摘 要:中国威士忌在继承传统工艺的基础上,通过本土原料、酵母菌种、橡木桶选择及储存工艺的创新,逐步构建了具有地域特色的风味体系。系统梳理了中国威士忌风味研究的现状,重点分析其风味物质的组成与形成机制,包括酯类、醇类、酸类、醛类及其他风味化合物在发酵、蒸馏和陈酿过程中的动态变化,并探讨橡木桶类型、原料选择、陈酿工艺、酵母菌株及蒸馏技术对风味特征的影响。结果表明,酯类和醇类是风味核心成分,其中酯类随陈酿时间延长显著影响香气复杂度,醇类则因原料与工艺差异呈现地域多样性;橡木桶通过木质素降解赋予香草醛、丁香醛等特征风味,而国产蒙古栎桶的应用进一步凸显东方檀香特色;谷物原料的多样化选择与酵母菌株的协同代谢为风味创新提供了基础。此外,蒸馏方式对挥发性物质的保留与分离具有显著差异,直接影响最终风味层次。研究旨在为整合现有研究成果,优化国产威士忌风味品质、推动标准化生产及提升国际竞争力提供科学依据与技术参考,同时指出未来需加强跨学科合作、建立本土风味数据库,并探索创新陈酿技术与原料适应性研究。

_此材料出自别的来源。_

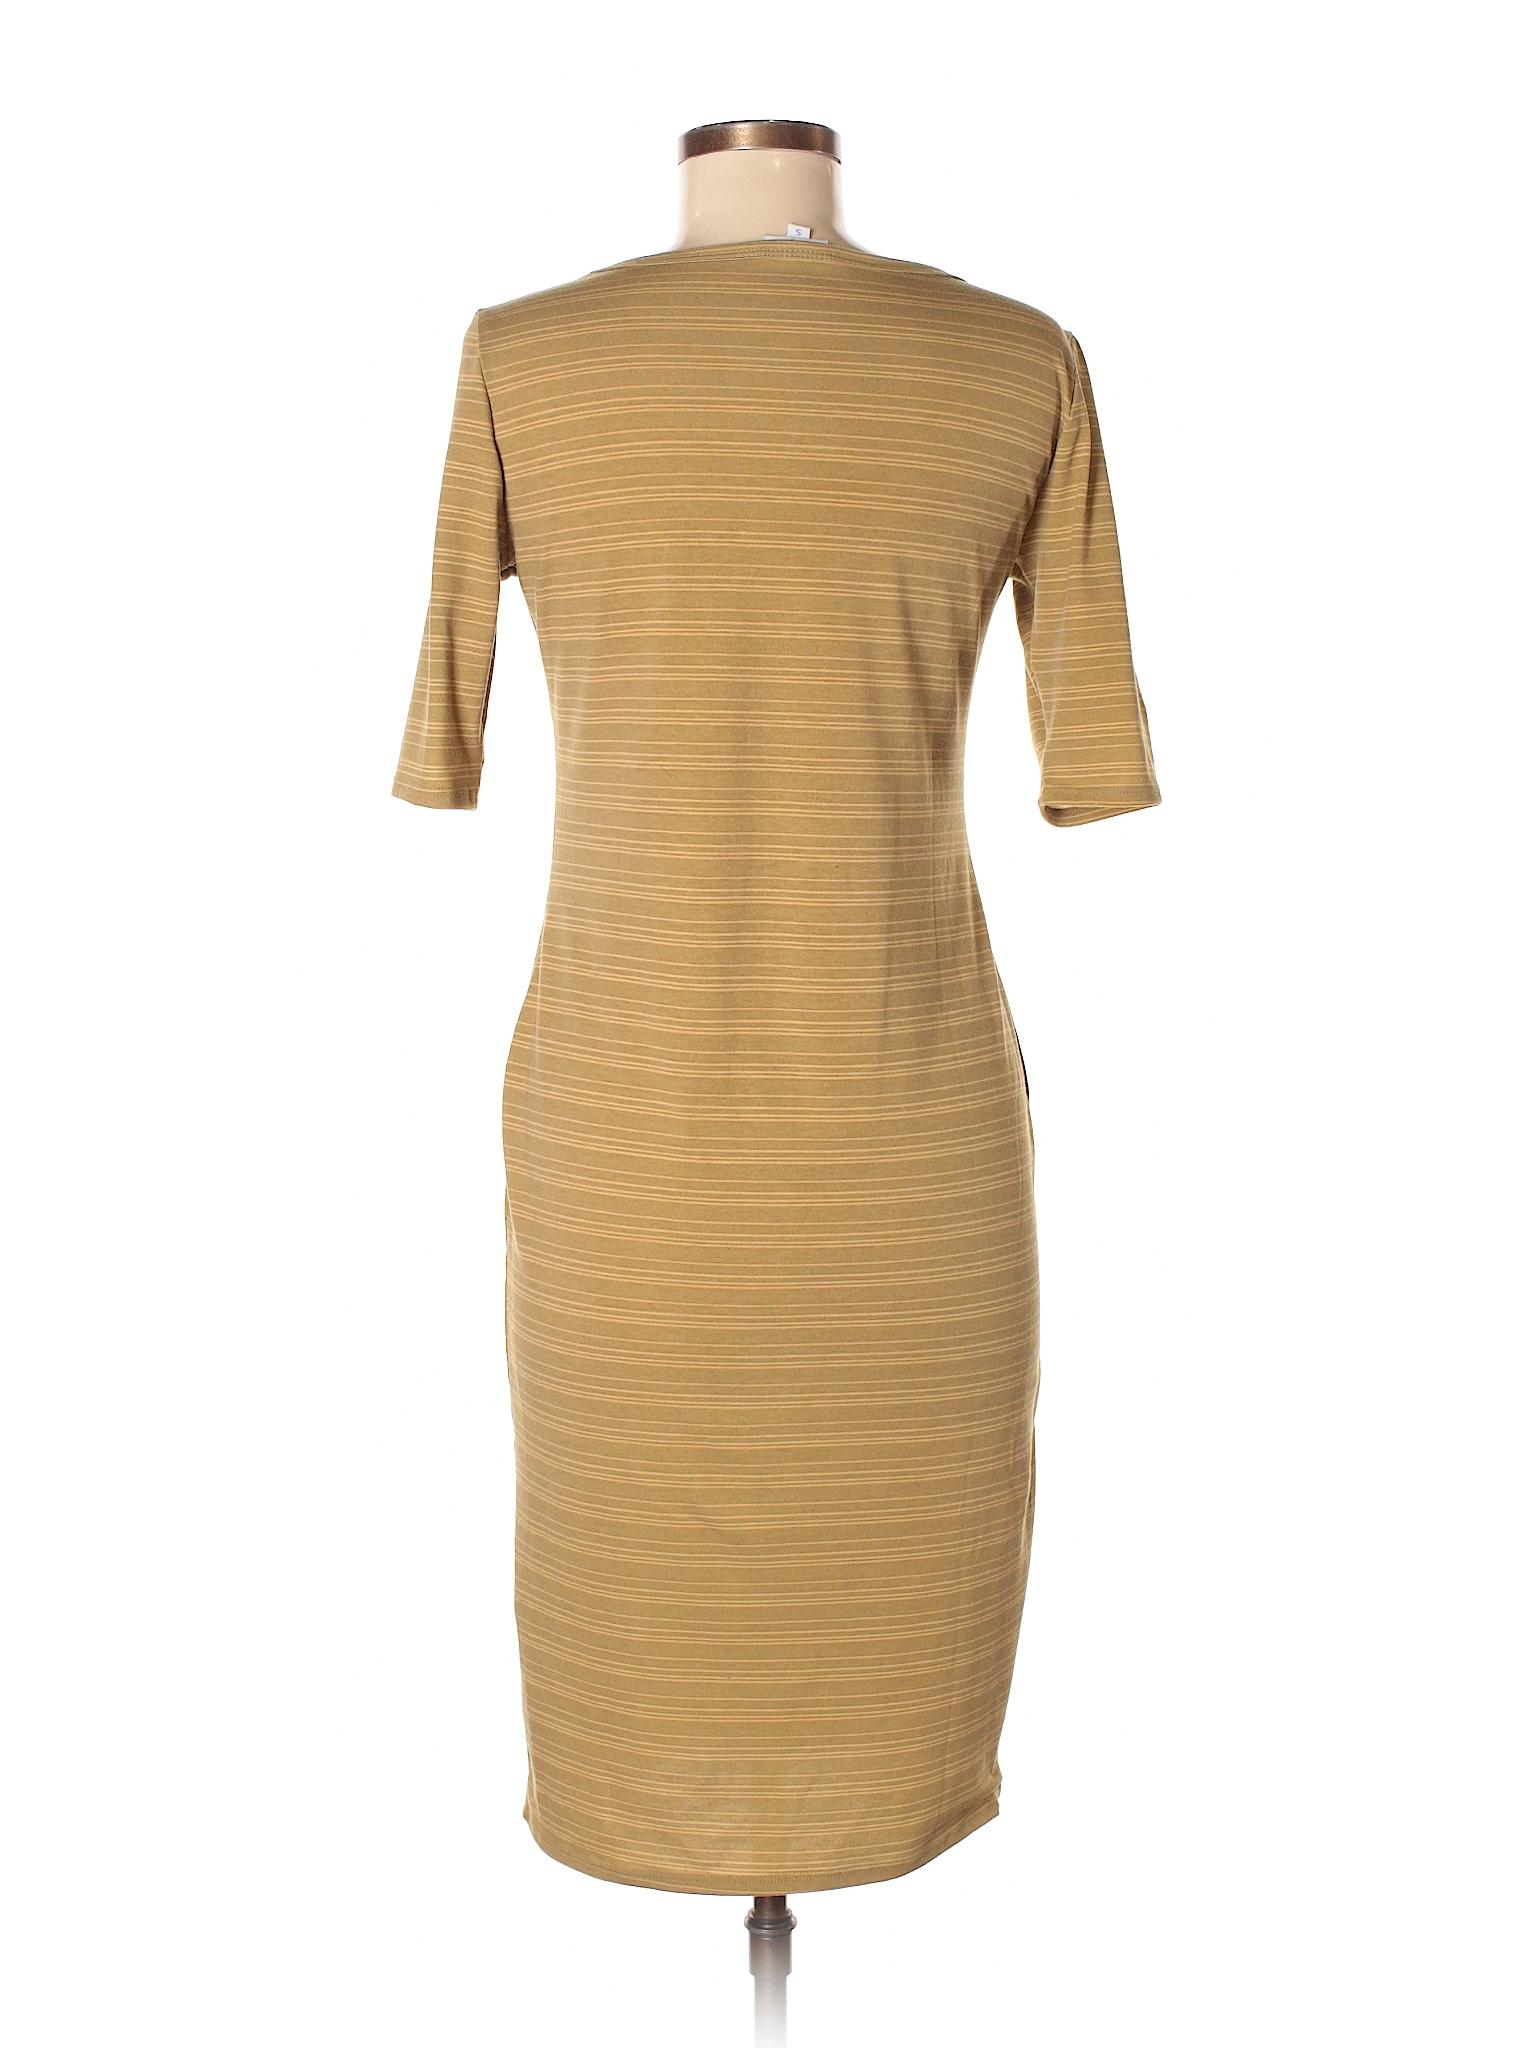 Dress Boutique Boutique Casual winter Lularoe winter PqgqXZwW8

关键词:中国威士忌; 风味形成机制; 挥发性化合物; 发酵工艺; 本土原料

威士忌是以谷物或麦芽为主要原料,经发酵、蒸馏和陈酿等工艺制成的蒸馏酒,其独特风味深受消费者喜爱。GB/T 11857—2008《威士忌》规定,威士忌需在木桶中陈酿且时间不少于2年[1],这一关键步骤为酒体风味的醇化与成熟提供了坚实的保障。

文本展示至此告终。